A posição do advogado de defesa de Valdemar Alves foi expressa hoje, durante uma audiência no Tribunal da Relação de Coimbra, requerida pelo próprio, no âmbito do recurso ao acórdão da primeira instância que condenou, há cerca de dois anos, o autarca e outros 13 arguidos em processo relacionado com a reconstrução de casas após os incêndios de junho de 2017, em Pedrógão Grande.
"A 23 de novembro, é publicada uma resolução do Conselho de Ministros, que atribui donativo financeiro para o Fundo [Revita, criado pelo Governo para apoiar as populações afetadas], no valor de dois milhões de euros", para garantir a reconstrução "de todas as habitações afetadas pelo incêndio", afirmou o advogado do antigo autarca, Bolota Belchior, salientando que essa resolução não fazia distinção entre primeiras ou segundas habitações.
Nas alegações, diante do coletivo da Relação de Coimbra, Bolota Belchior vincou que não "há uma única ata" do conselho de gestão do Revita que "aprova as propostas" do arguido e recordou que uma testemunha afirmou que o Fundo executou obras sem sequer ter processo físico a suportar a decisão da reconstrução.
Bolota Belchior questionou ainda o facto de Valdemar Alves ser julgado enquanto autarca, alegando que a sua participação no Fundo Revita não decorre das funções que ocupava, à data, de presidente da Câmara de Pedrógão Grande.
Por seu turno, o advogado que representa a União das Misericórdias Portuguesas, que apoiou a reconstrução de casas afetadas pelo incêndio, frisou que a participação de Valdemar Alves no fundo surge enquanto representante das autarquias locais (Pedrógão Grande, Castanheira de Pera e Figueiró dos Vinhos) e não "como cidadão comum".

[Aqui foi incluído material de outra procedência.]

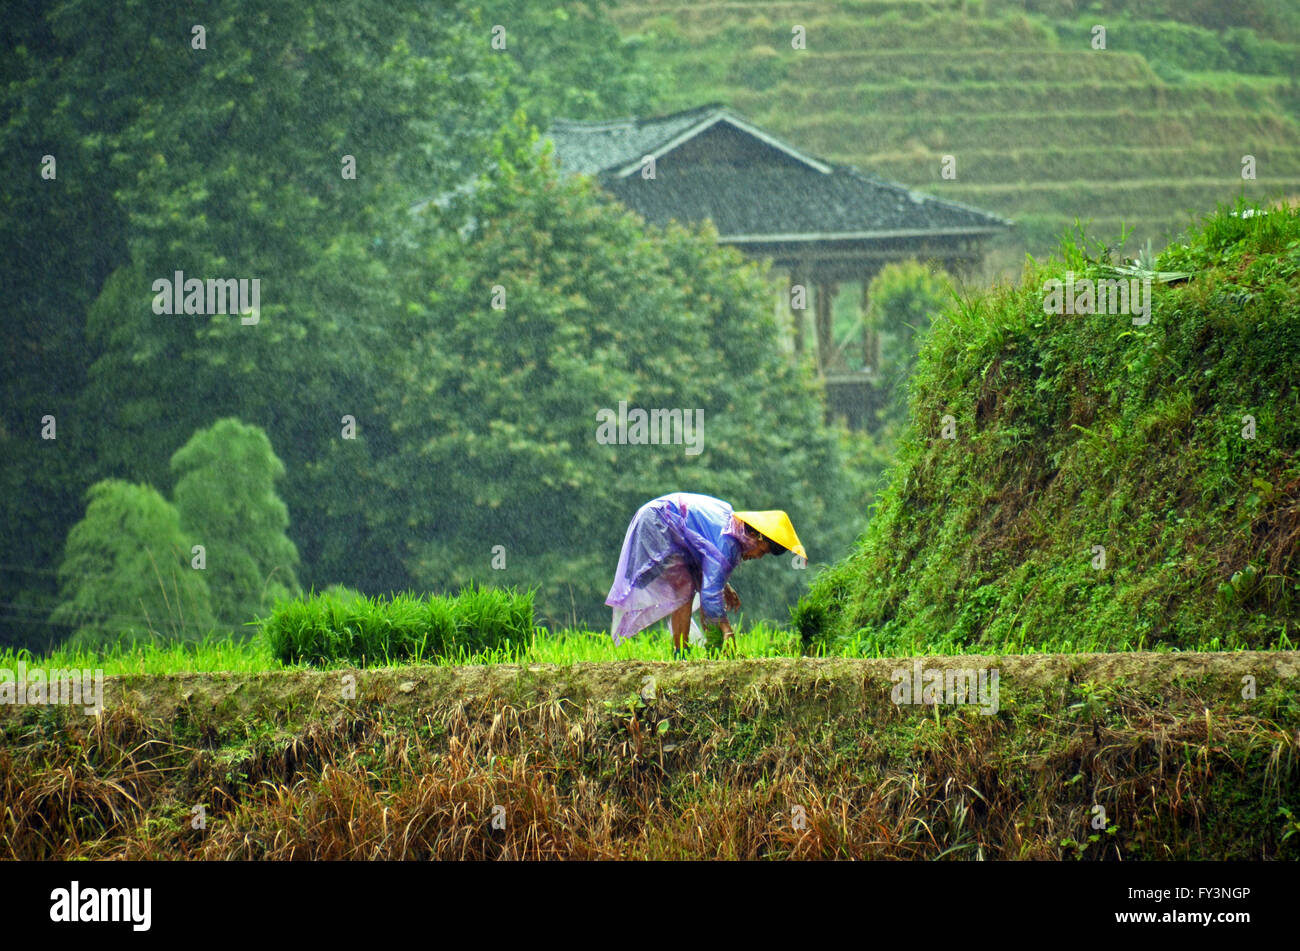 A farmer plants rice seedlings in the Dragon's Backbone rice terraces, Dazhai, China Stock Photo

O advogado entendeu ainda que "o legislador e os normativos" poderiam ter sido mais "cuidadosos" na definição de que casas deveriam ser apoiadas, mas, no entanto, evidenciou que o próprio formulário para candidatura de apoio à reconstrução dizia "claramente habitação permanente".
Já o procurador do Ministério Público, numa curta declaração, afirmou rever-se nas palavras da procuradora do julgamento da primeira instância, pedindo a manutenção da condenação que ocorreu no Tribunal de Leiria, a 31 de janeiro de 2022.
A leitura do acórdão da Relação de Coimbra está agendada para 07 de fevereiro.
Em 2022, o Tribunal de Leiria condenou 14 arguidos de um total de 28, que estavam acusados no processo relacionado com a reconstrução de casas após os incêndios de junho de 2017.
O ex-presidente da Câmara de Pedrógão Grande Valdemar Alves foi condenado à pena única de sete anos de prisão, tendo sido considerado provada a prática de 13 crimes de prevaricação de titular de cargo político e 13 crimes de burla qualificada, três na forma tentada.
Ao antigo vice-presidente do município Bruno Gomes, o tribunal determinou seis anos de prisão pela prática de 11 crimes de prevaricação de titular de cargo político e 13 crimes de burla qualificada, três na forma tentada.
Dos restantes 26 arguidos, que eram requerentes da reconstrução de imóveis como se de primeira habitação se tratasse, familiares destes ou funcionários das Finanças e de junta de freguesia, o Tribunal condenou 12 a penas de prisão (entre um ano e seis meses e dois anos e nove meses), suspensas na sua execução.
O processo subiu em junho de 2022 ao Tribunal da Relação de Coimbra, com 12 recursos. Dos 14 arguidos condenados, apenas um não recorreu.
Os incêndios que deflagraram em 17 de junho de 2017 em Pedrógão Grande, distrito de Leiria, e que alastraram a concelhos vizinhos, provocaram 66 mortos e mais de 250 feridos, sete dos quais graves, e destruíram meio milhar de casas, 261 das quais habitações permanentes.